Recorded information:
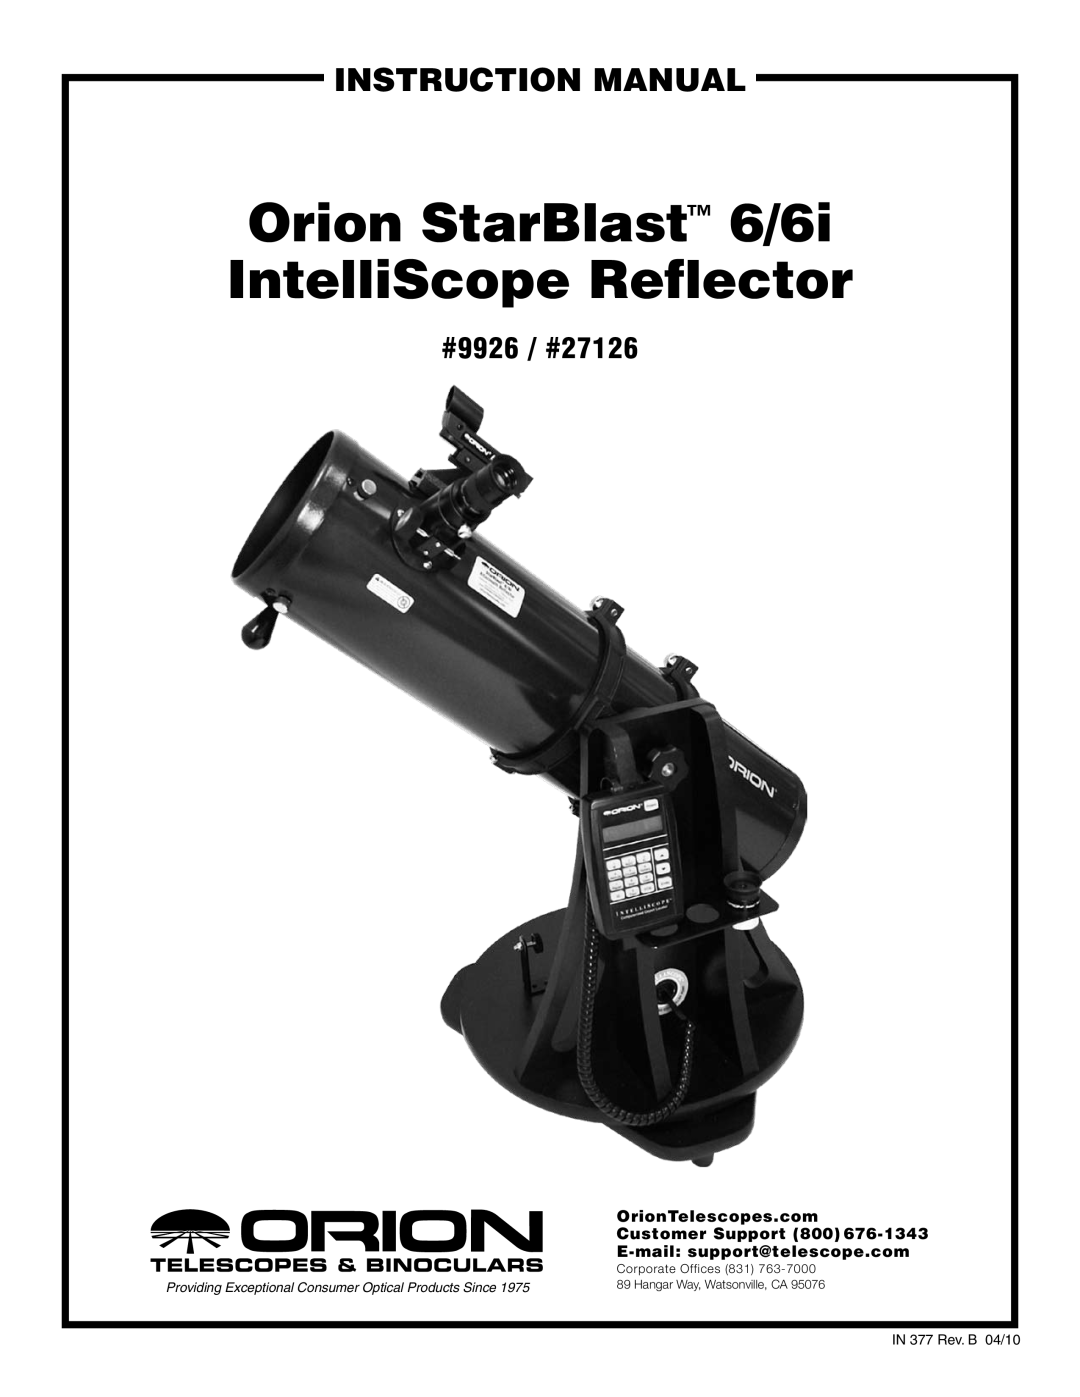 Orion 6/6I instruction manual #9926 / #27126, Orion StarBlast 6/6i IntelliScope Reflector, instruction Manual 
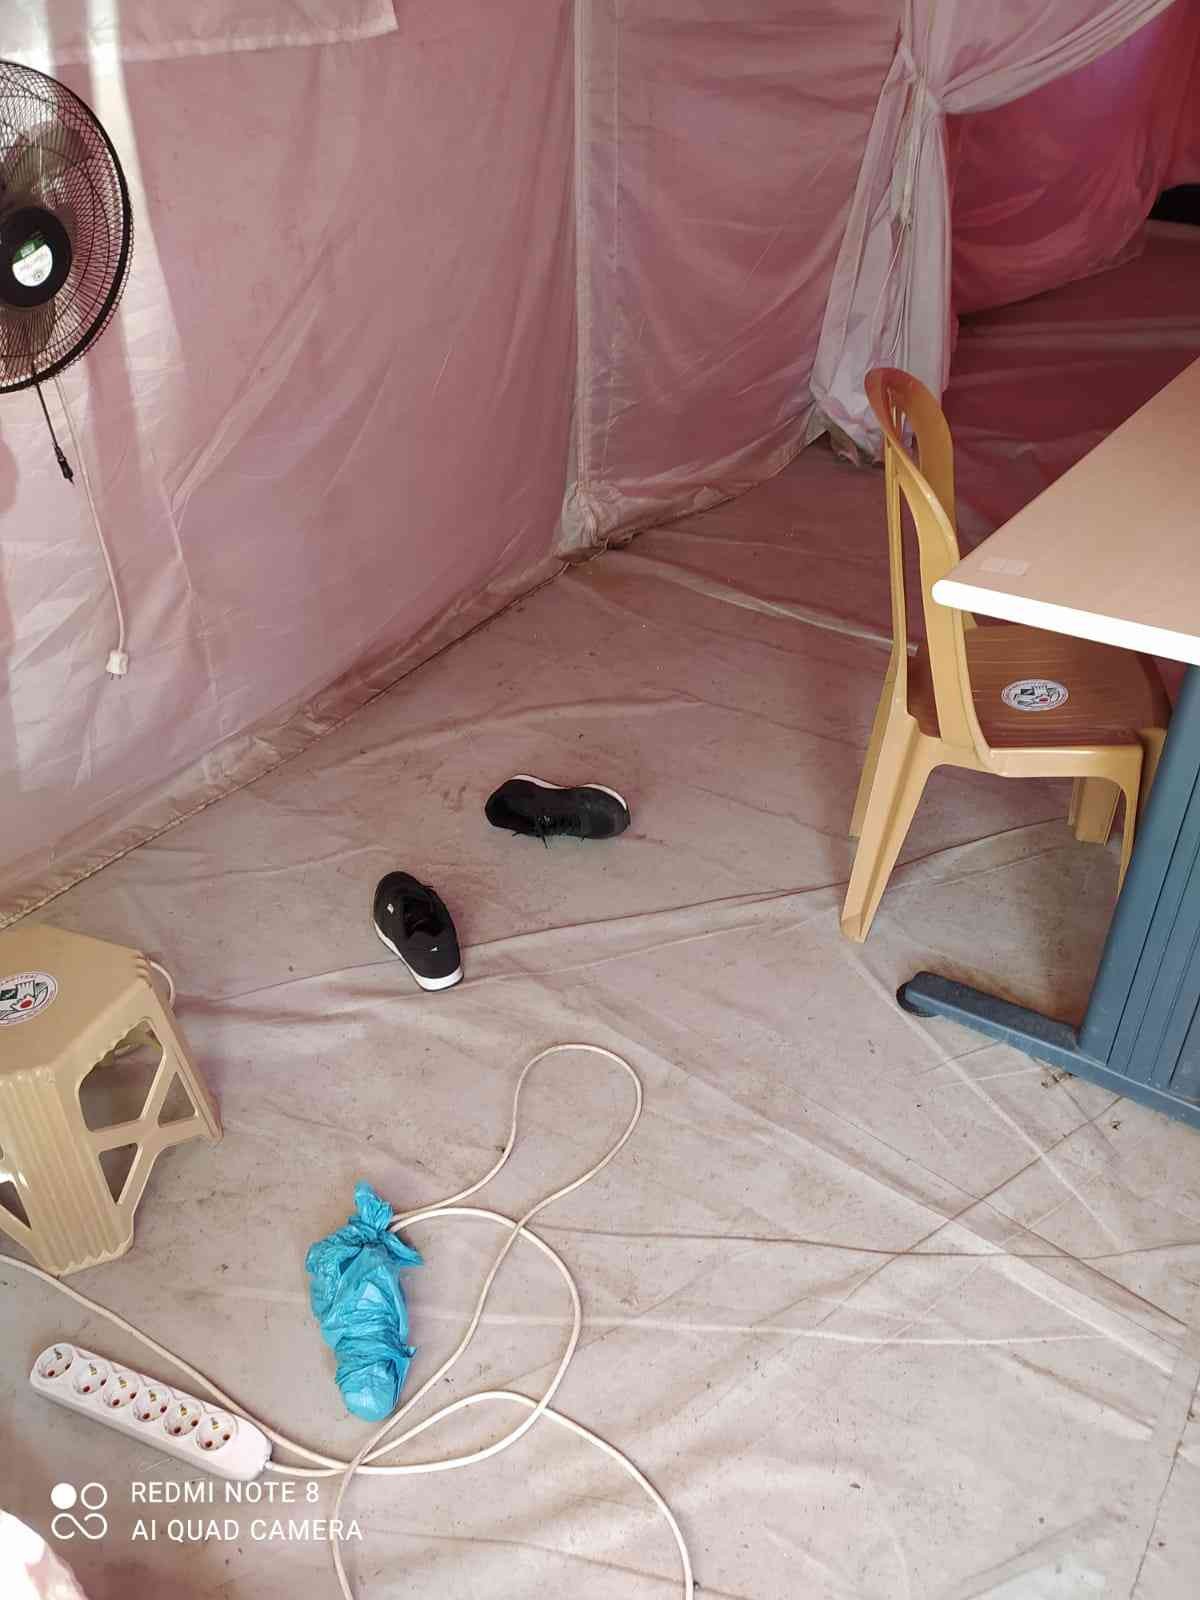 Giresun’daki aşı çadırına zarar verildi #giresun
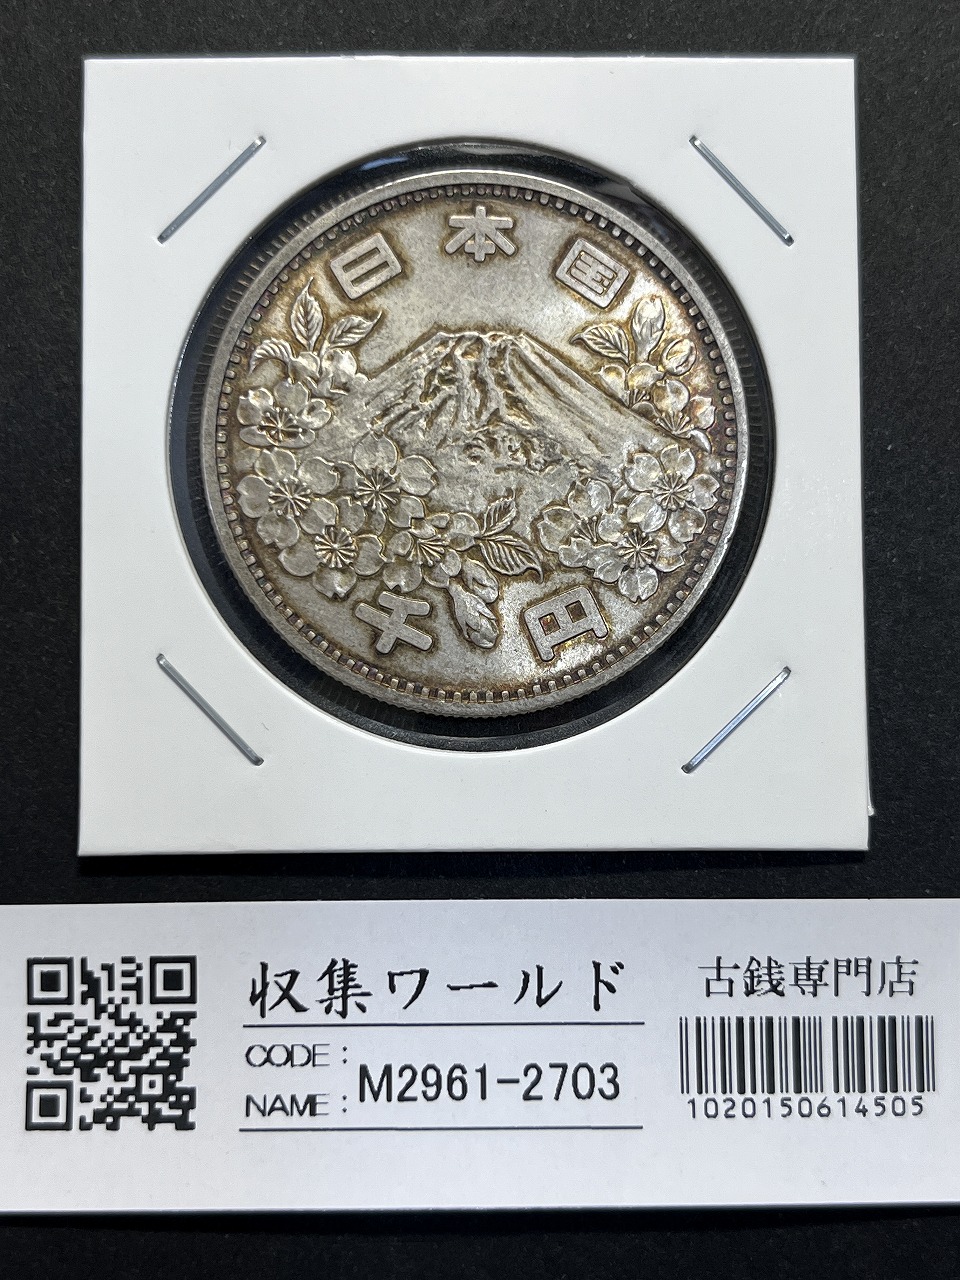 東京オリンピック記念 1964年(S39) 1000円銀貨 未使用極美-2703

To do:
Any picture in the material is to be dropped; the rest is repeated exactly.

Written solution:
 Orion 6/6I instruction manual #9926 / #27126, Orion StarBlast 6/6i IntelliScope Reflector, instruction Manual 
 Giresun’daki aşı çadırına zarar verildi #giresun
 東京オリンピック記念 1964年(S39) 1000円銀貨 未使用極美-2703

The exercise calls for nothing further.